Exit stage right: Fish 2.0 offers final set of winning innovators

Six winners emerge in fast-paced sales-pitch contest.
Nearly 40 entrepreneurs took to the stage at Stanford University last week to pitch their seafood industry-changing innovations in front of a room full of discriminating investors. Although just six left with an official prize, all could claim a measure of success in what will be the final iteration of a contest boasting “Shark Tank” vibes and Silicon Valley buzz.
At the 2019 edition of the Fish 2.0 Global Innovators Forum, founder Monica Jain exulted in the momentum her event created since it launched in 2013, when there was “nothing out there” for investors to sink their teeth into. Over the course of four competitions spanning six years, Jain said the sales-pitch contest became the “pulse of change” that seafood had long needed.

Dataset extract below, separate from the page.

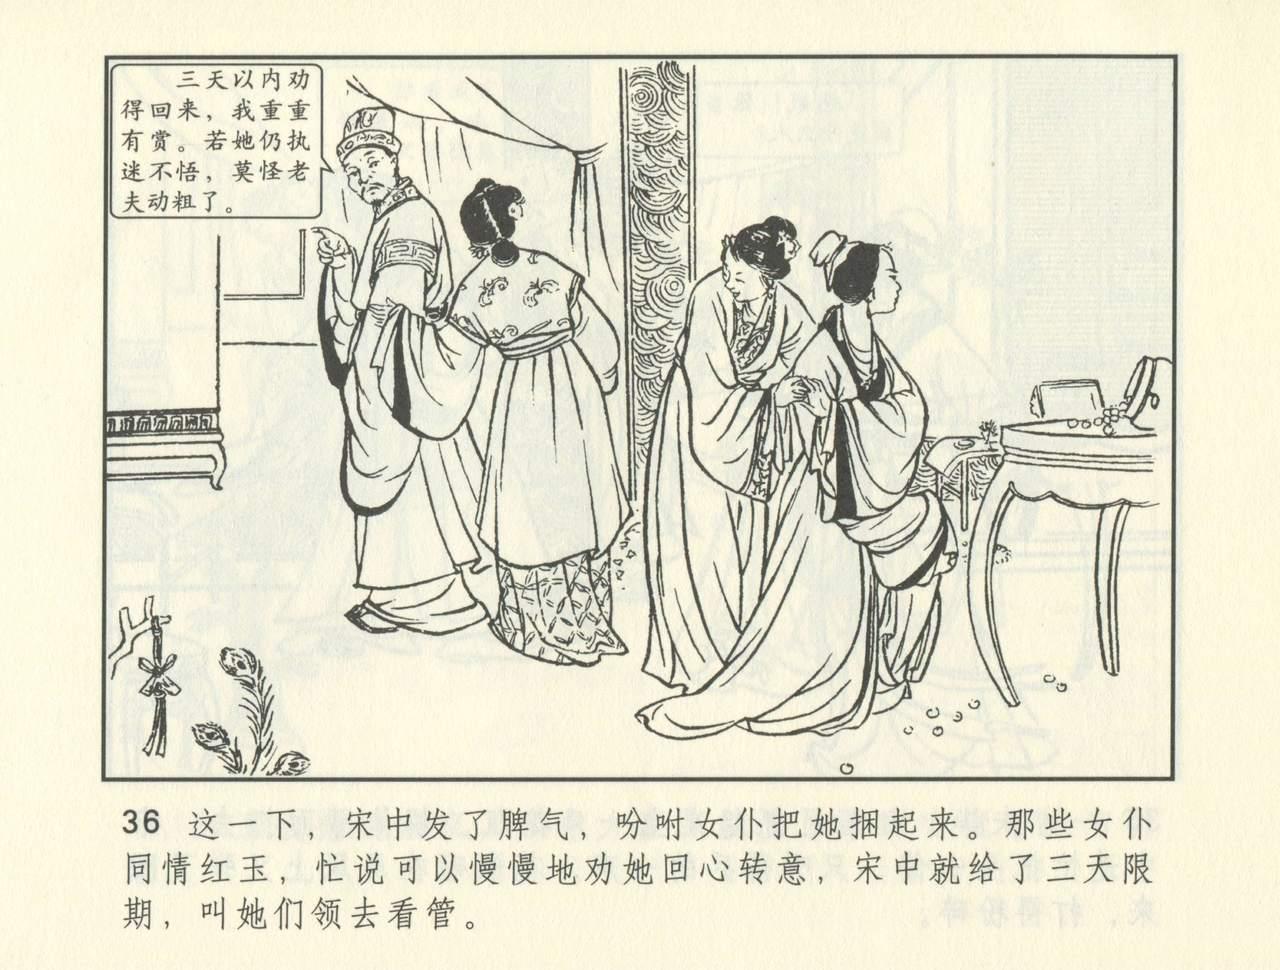 聊斋志异 张玮等绘 天津人民美术出版社 卷二十一 ~ 三十 376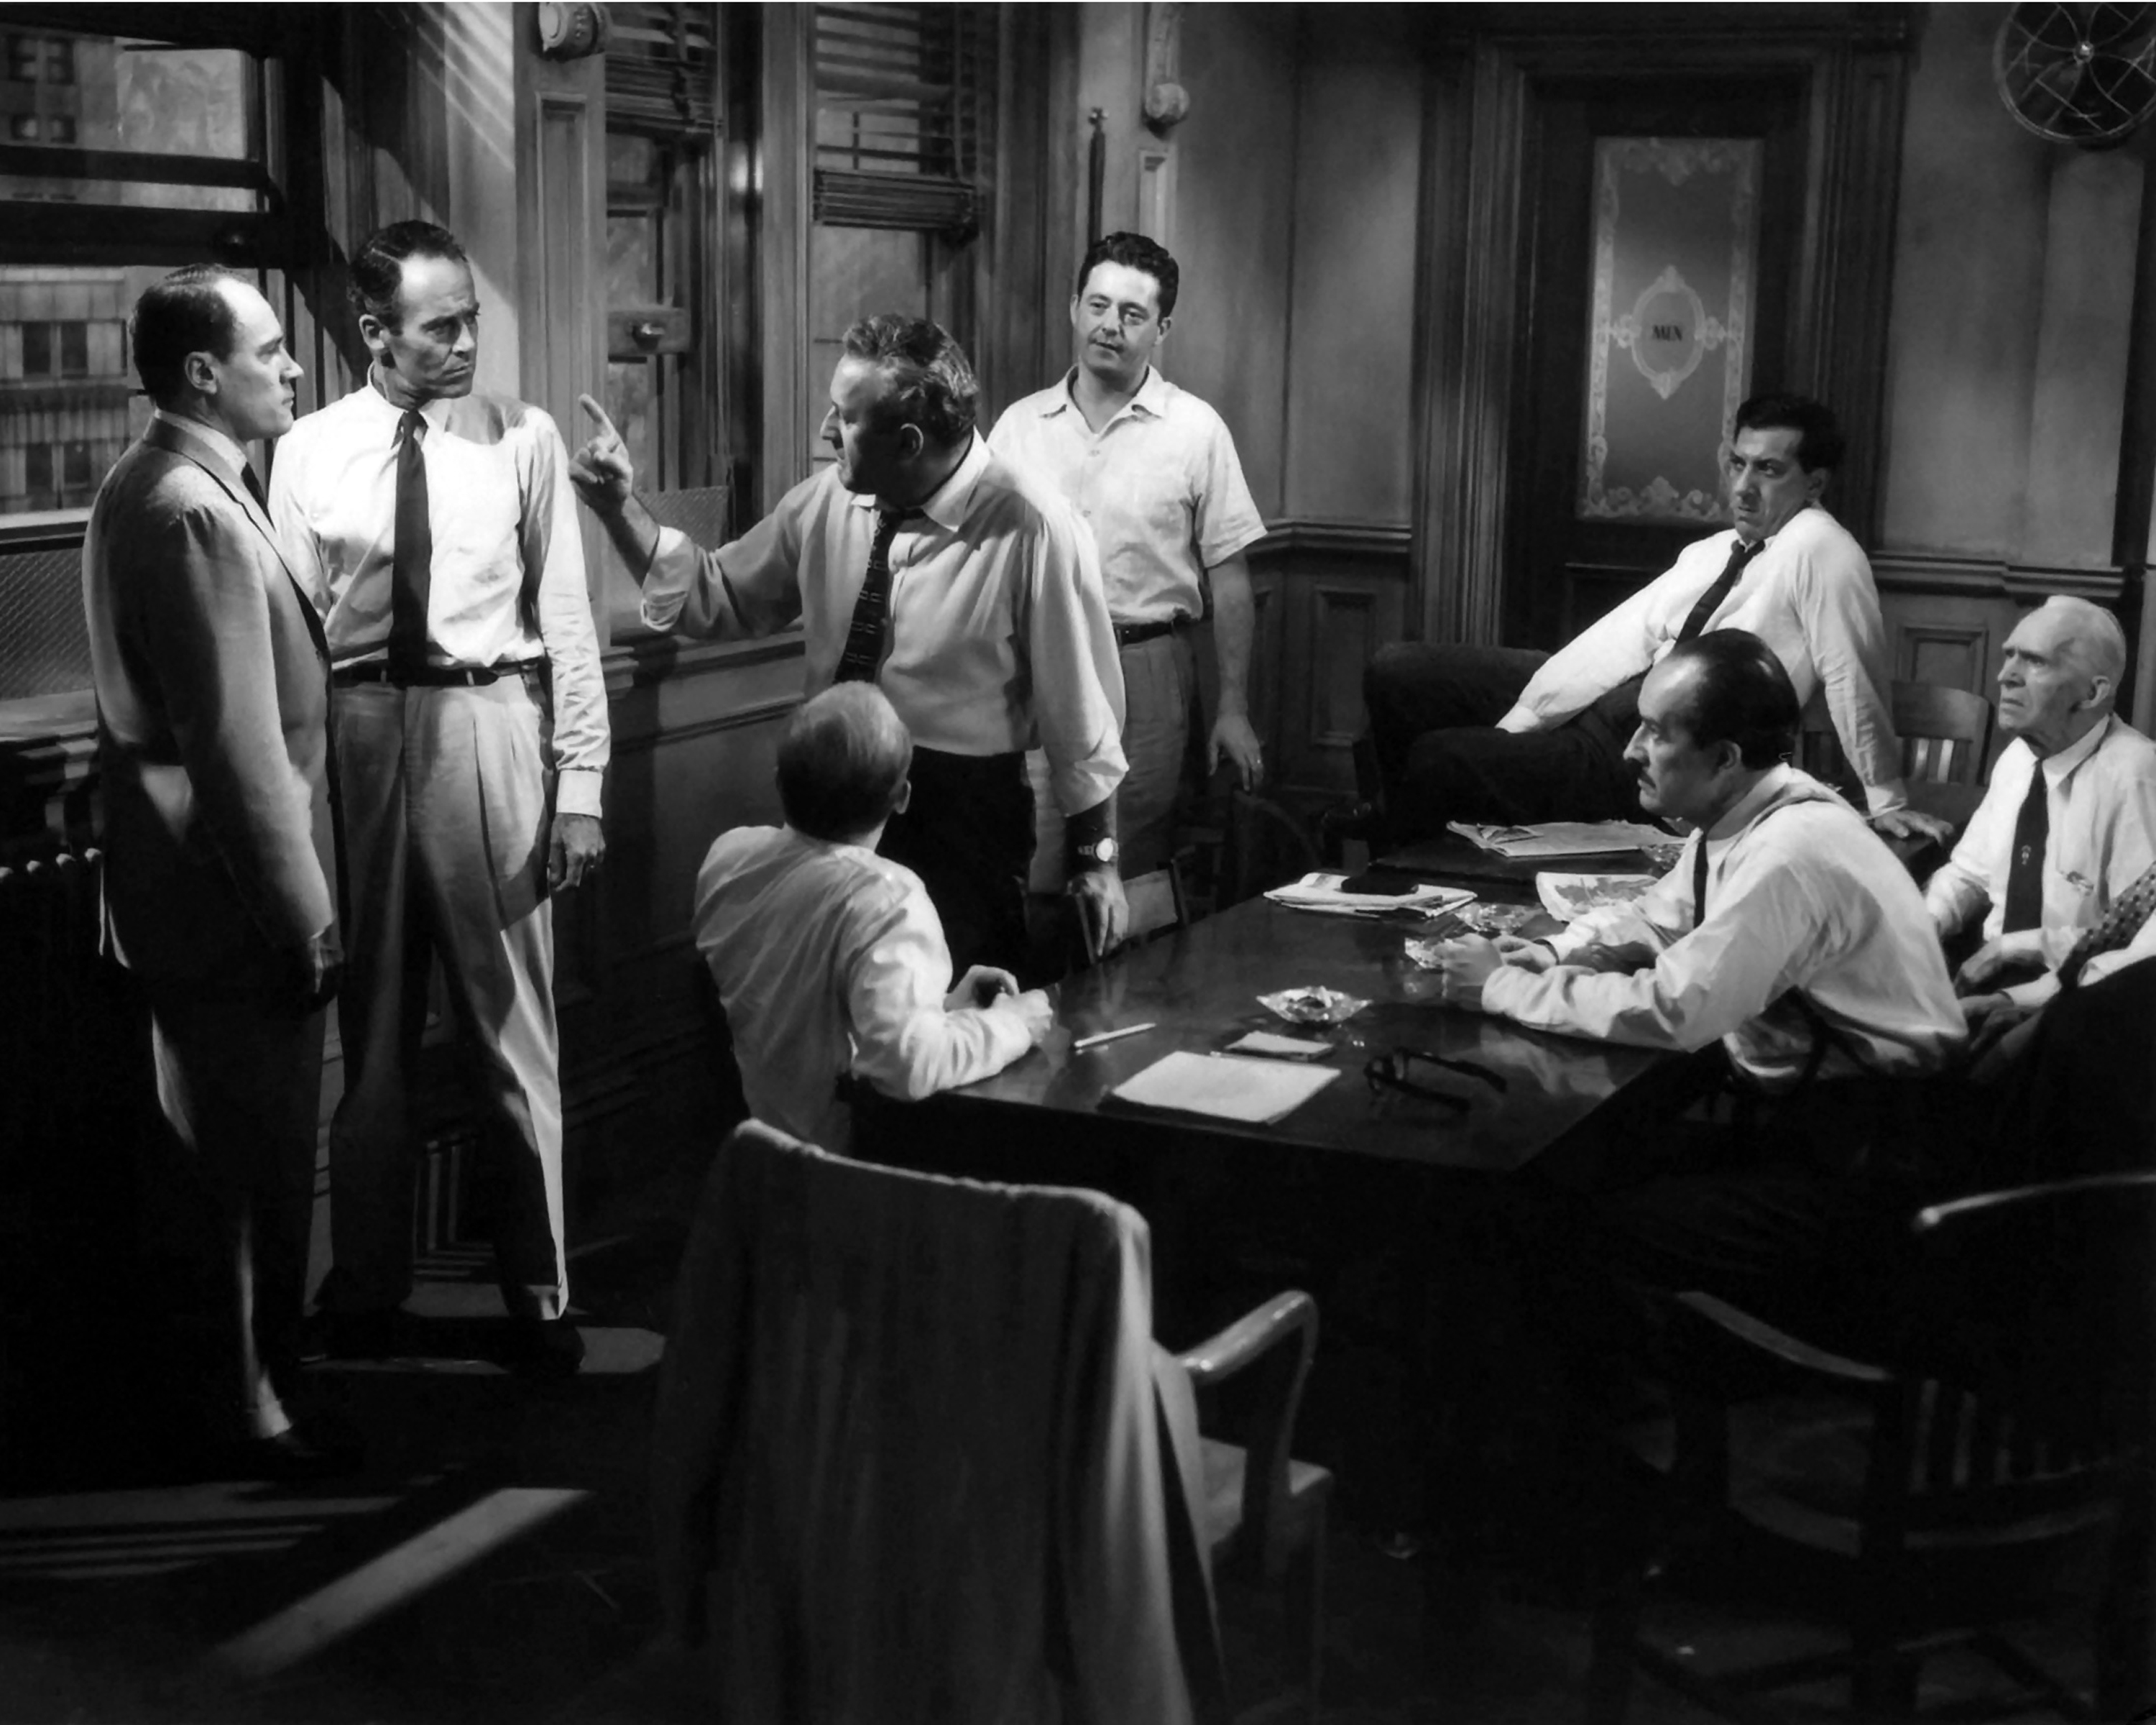 Henry Fonda, Jack Klugman, Lee J. Cobb, Edward Binns, John Fiedler, E.G. Marshall, Joseph Sweeney, and George Voskovec in 12 Angry Men (1957)

“The future of seafood is here,” she said. “We believed progress would accelerate if we could help investors and entrepreneurs build the knowledge and connections they needed to get promising ideas off the ground and move capital into the sector. Innovation is about more than labeling; it’s products and services that are fundamentally changing the industry. Many of them don’t touch seafood at all.”
The winning innovations covered a wide swathe of seafood supply chain and aquaculture input issues, from robots and blockchain to barley and coconut husks. Winners were named in six categories: global seafood, U.S. seafood, Australian seafood, ocean and seafood technology, supply chain change and aquaculture.